Top US, Russian Diplomats Meet Amid Venezuela Tensions
By Cindy Saine May 06, 2019
U.S. Secretary of State Mike Pompeo met with his Russian counterpart, Sergey Lavrov, Monday amid tensions between the two countries over the political crisis in Venezuela, with both top diplomats stressing they do not want foreign military intervention in the country.
After their discussions on the sidelines of a meeting of the Arctic Council in Finland, in which the United States and Russia are members, Pompeo was asked how far apart the two countries are on Venezuela.
"I don't want to say too much, other than I made clear our view that Venezuelans deserve a democracy that is, doesn't have any foreign party running the country, or involvement in their country on a consistent basis in a military way," he replied, adding, "so, we want the Cubans out, we want the Iranians out, we want Russia's military out."
He said he and Lavrov will have further conversations to try to find a way forward.
For his part, Russian Foreign Minister Lavrov told reporters after the meeting he warned Pompeo that U.S. military intervention in Venezuela would be catastrophic and unjustified.
Lavrov also told reporters that the meeting had been constructive, and that he was sure that Russian President Vladimir Putin and President Donald Trump will have another chance to meet again after their summit in Helsinki last year.
Ahead of the meeting Monday in Finland, Pompeo had said he wants Russia to stop "messing around" in Venezuela.

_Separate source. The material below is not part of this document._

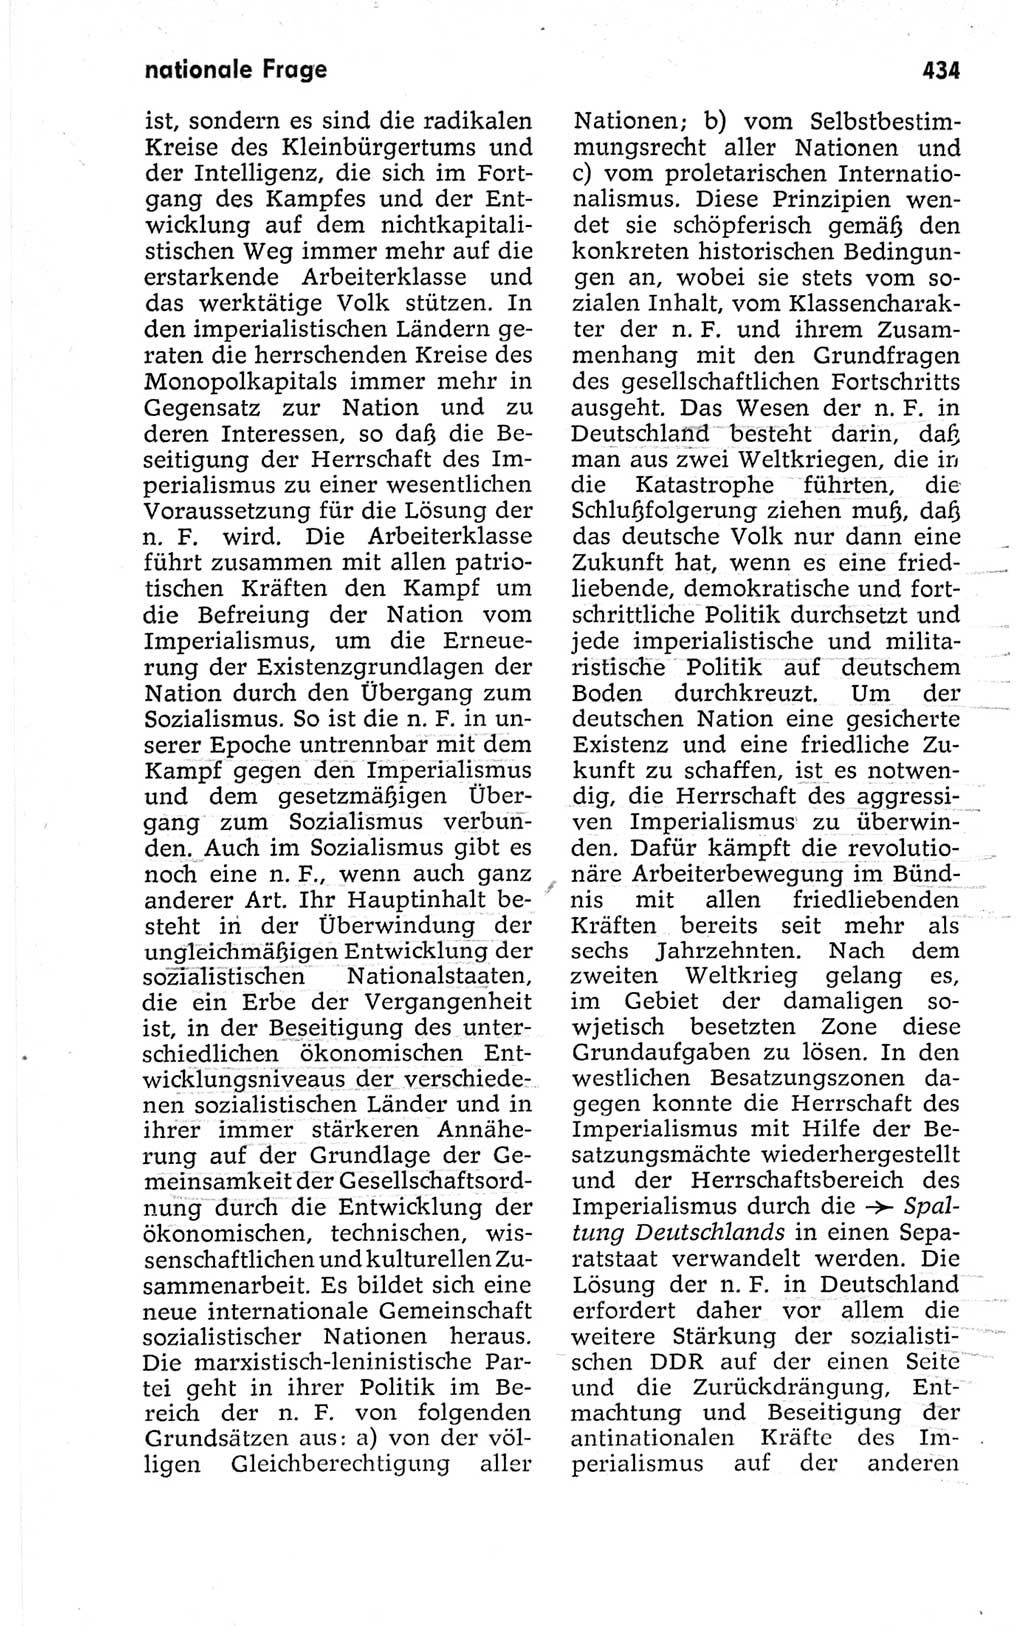 Kleines politisches Wörterbuch [Deutsche Demokratische Republik (DDR)] 1967, Seite 434 (Kl. pol. Wb. DDR 1967, S. 434)

"I'm going to tell him [Lavrov] the same thing the president told the world: that every country must get out, including the Russians," Pompeo told Fox News Sunday. "That's what I'll tell him. We don't want anyone messing around with Venezuela."
The meeting between Pompeo and Lavrov in Finland comes a day after Lavrov met with Venezuela's Foreign Minister Jorge Arreaza in Moscow.
Arreaza told reporters Monday that Venezuela may expand the use of Russian military, as the country fights attempts by opposition leader and self-declared interim president Juan Guaido to oust longtime ruler Nicolas Maduro.
The U.S. has recognized Guaido as Venezuela's leader and supported a bid by Venezuela's opposition last week to spur a military uprising, which ultimately failed.
Last week, Pompeo told Lavrov in a phone call that "the intervention by Russia and Cuba is destabilizing for Venezuela and for the U.S.-Russia bilateral relationship." Pompeo also urged Russia to stop support Maduro.
Washington has accused Russia of talking Maduro out of leaving Venezuela. Moscow has denied the allegation.
Pompeo is currently attending a meeting of the Arctic Council in Finland, of which both the U.S. and Russia are members.